Ray Cluster Configuration

To create Ray Clusters using the CodeFlare SDK a cluster configuration needs to be created first. This is what a typical cluster configuration would look like; Note: The values for CPU and Memory are at the minimum requirements for creating the Ray Cluster.

from codeflare_sdk import Cluster, ClusterConfiguration

cluster = Cluster(ClusterConfiguration(
    name='ray-example', # Mandatory Field
    namespace='default', # Default None
    head_cpu_requests=1, # Default 2
    head_cpu_limits=1, # Default 2
    head_memory_requests=1, # Default 8
    head_memory_limits=1, # Default 8
    head_extended_resource_requests={'nvidia.com/gpu':0}, # Default 0
    worker_extended_resource_requests={'nvidia.com/gpu':0}, # Default 0
    num_workers=1, # Default 1
    worker_cpu_requests=1, # Default 1
    worker_cpu_limits=1, # Default 1
    worker_memory_requests=2, # Default 2
    worker_memory_limits=2, # Default 2
    # image="", # Optional Field
    labels={"exampleLabel": "example", "secondLabel": "example"},
    annotations={"key1":"value1", "key2":"value2"},
    volumes=[], # See Custom Volumes/Volume Mounts
    volume_mounts=[], # See Custom Volumes/Volume Mounts
))

Note

The default images used by the CodeFlare SDK for creating a RayCluster resource depend on the installed Python version:

  • For Python 3.9: quay.io/modh/ray:2.35.0-py39-cu121

  • For Python 3.11: quay.io/modh/ray:2.35.0-py311-cu121

If you prefer to use a custom Ray image that better suits your needs, you can specify it in the image field to override the default. If you are using ROCm compatible GPUs you can use quay.io/modh/ray:2.35.0-py39-rocm61. You can also find documentation on building a custom image here.

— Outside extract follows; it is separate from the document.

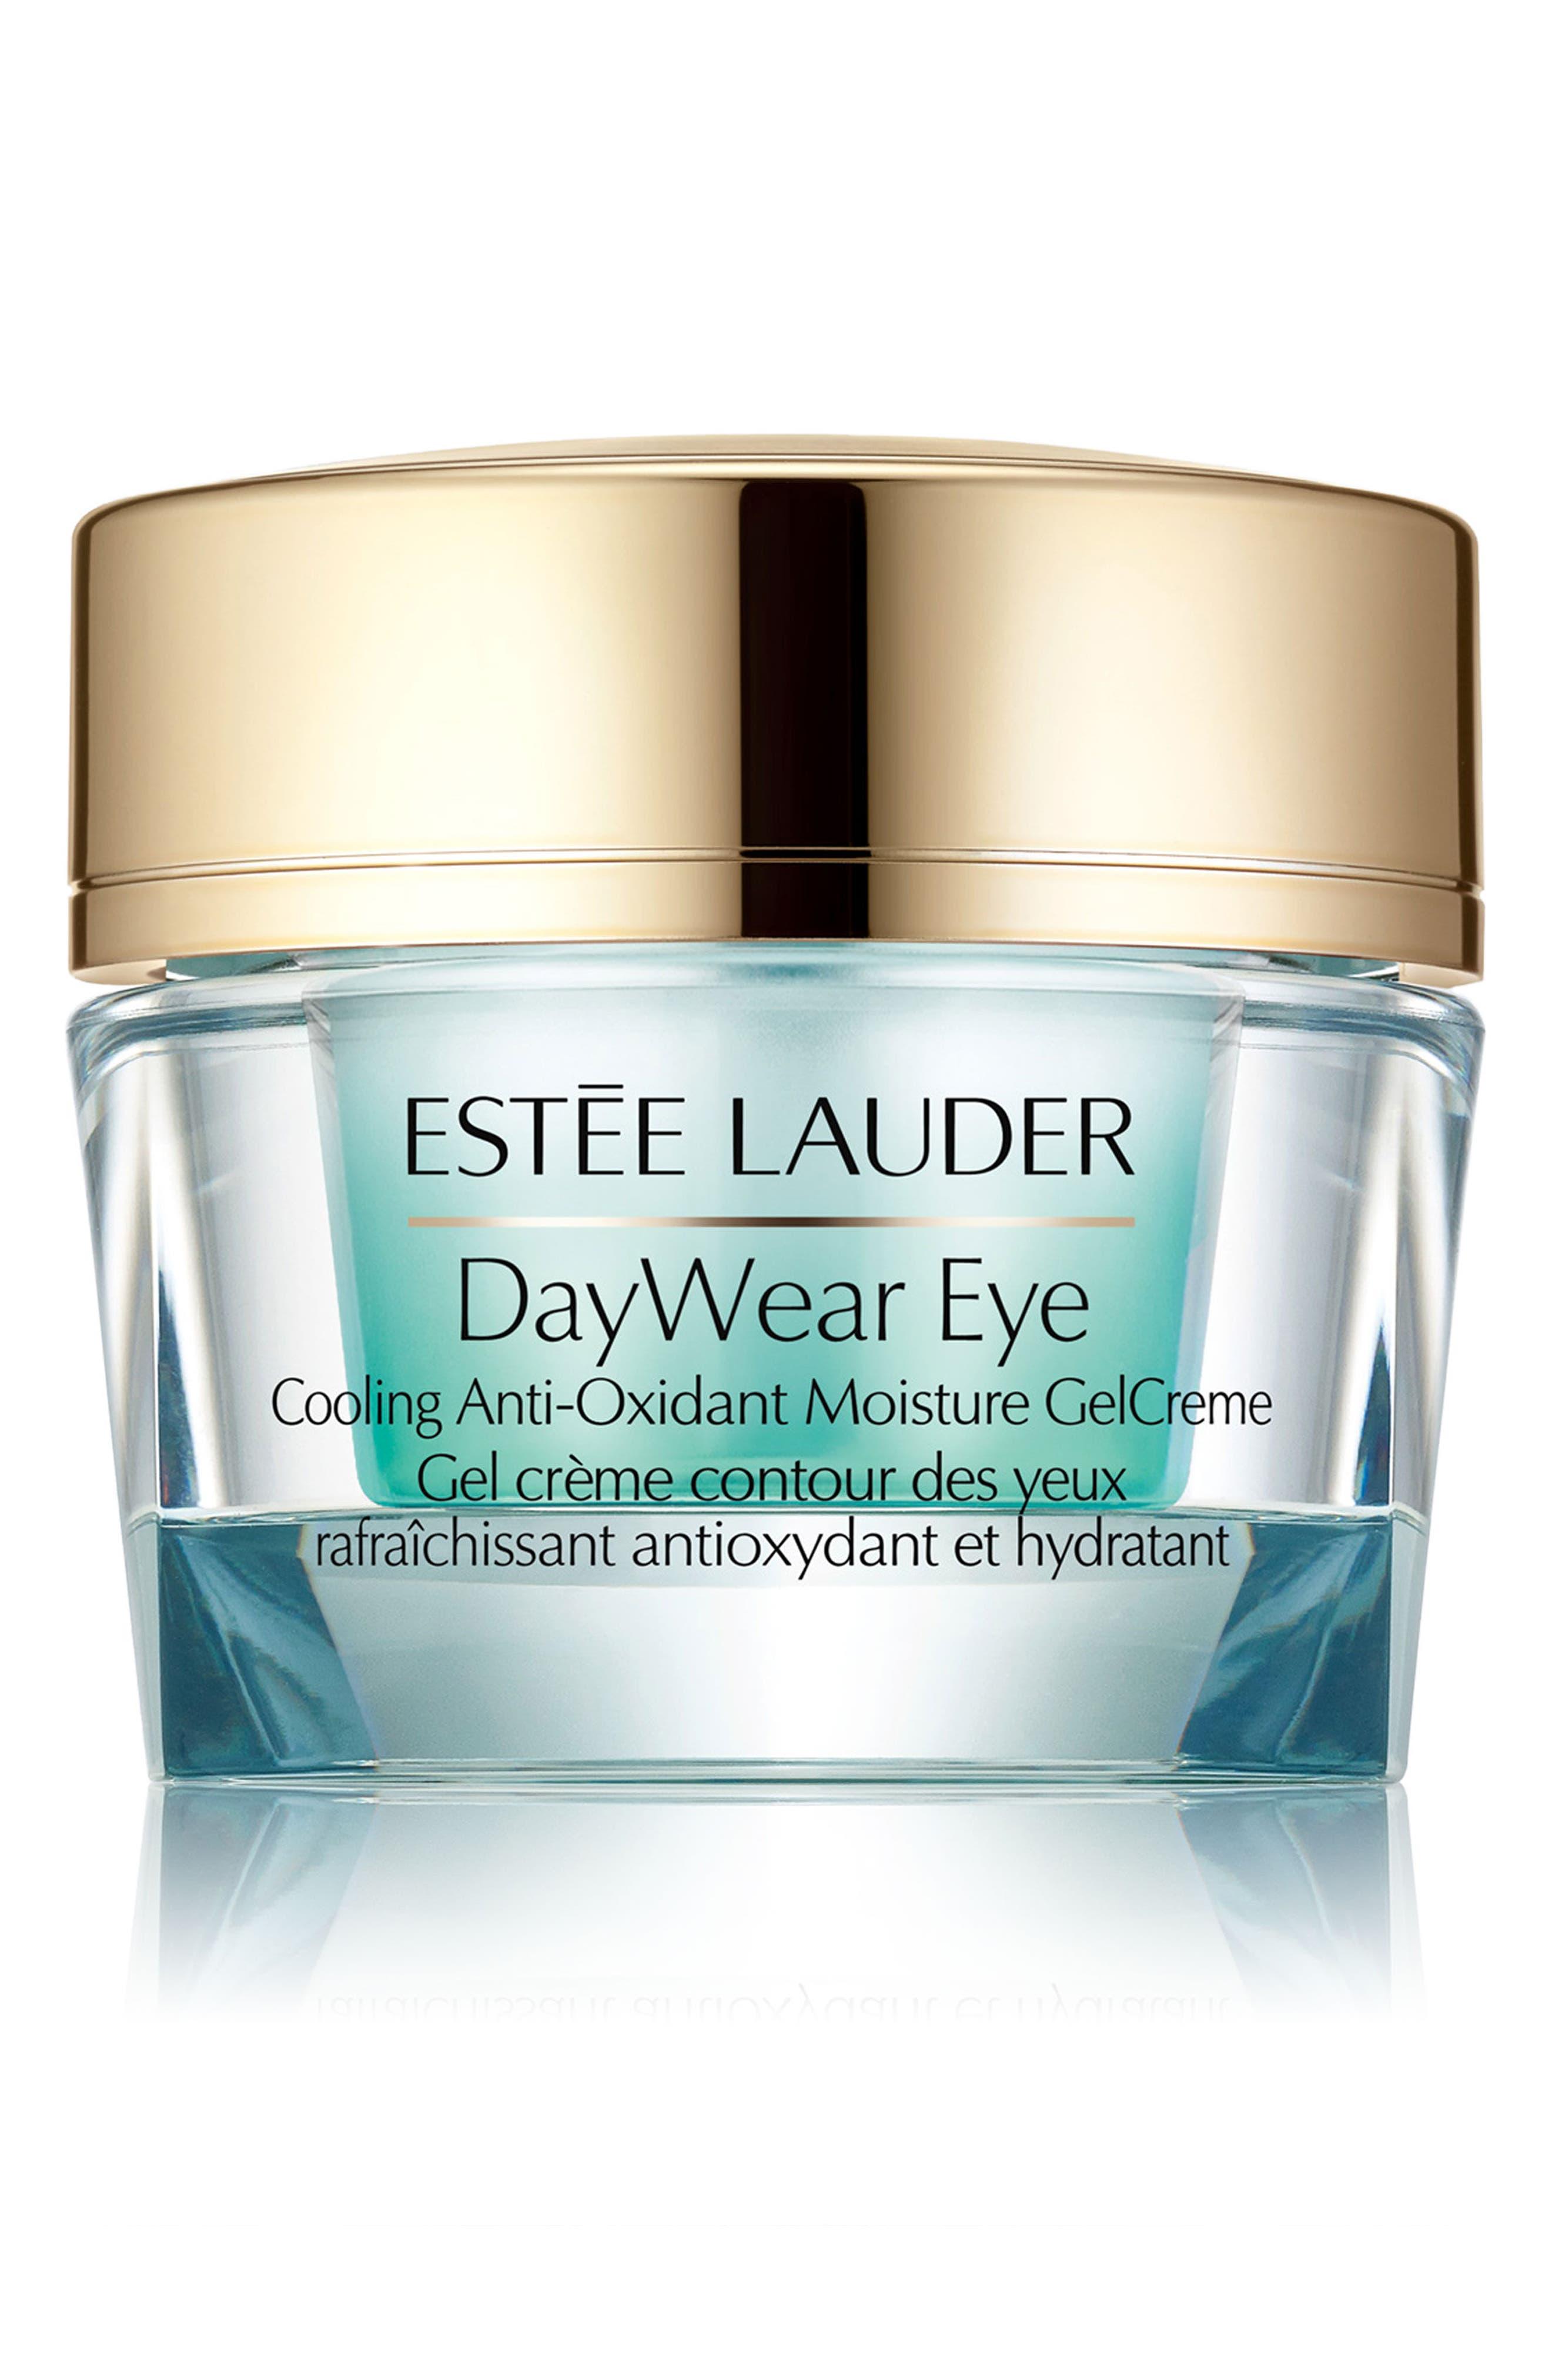 Estée Lauder DayWear Eye Cooling Antioxidant Moisture Gel Crème

The labels={"exampleLabel": "example"} parameter can be used to apply additional labels to the RayCluster resource.

After creating their cluster, a user can call cluster.up() and cluster.down() to respectively create or remove the Ray Cluster.

Custom Volumes/Volume Mounts

To add custom Volumes and Volume Mounts to your Ray Cluster you need to create two lists volumes and volume_mounts. The lists consist of V1Volume and V1VolumeMount objects respectively.
Populating these parameters will create Volumes and Volume Mounts for the head and each worker pod.
from kubernetes.client import V1Volume, V1VolumeMount, V1EmptyDirVolumeSource, V1ConfigMapVolumeSource, V1KeyToPath, V1SecretVolumeSource
# In this example we are using the Config Map, EmptyDir and Secret Volume types
volume_mounts_list = [
    V1VolumeMount(
        mount_path="/home/ray/test1",
        name = "test"
    ),
    V1VolumeMount(
        mount_path = "/home/ray/test2",
        name = "test2",
    ),
    V1VolumeMount(
        mount_path = "/home/ray/test3",
        name = "test3",
    )
]

volumes_list = [
    V1Volume(
        name="test",
        empty_dir=V1EmptyDirVolumeSource(size_limit="2Gi"),
    ),
    V1Volume(
        name="test2",
        config_map=V1ConfigMapVolumeSource(
            name="test-config-map",
            items=[V1KeyToPath(key="test", path="data.txt")]
        )
    ),
    V1Volume(
        name="test3",
        secret=V1SecretVolumeSource(
            secret_name="test-secret"
        )
    )
]
For more information on creating Volumes and Volume Mounts with Python check out the Python Kubernetes docs (Volumes, Volume Mounts).
You can also find further information on Volumes and Volume Mounts by visiting the Kubernetes documentation.

Deprecating Parameters

The following parameters of the ClusterConfiguration are being deprecated.

Deprecated Parameter

Replaced By

head_cpus

head_cpu_requests, head_cpu_limits

head_memory

head_memory_requests, head_memory_limits

min_cpus

worker_cpu_requests

max_cpus

worker_cpu_limits

min_memory

worker_memory_requests

max_memory

worker_memory_limits

head_gpus

head_extended_resource_requests

num_gpus

worker_extended_resource_requests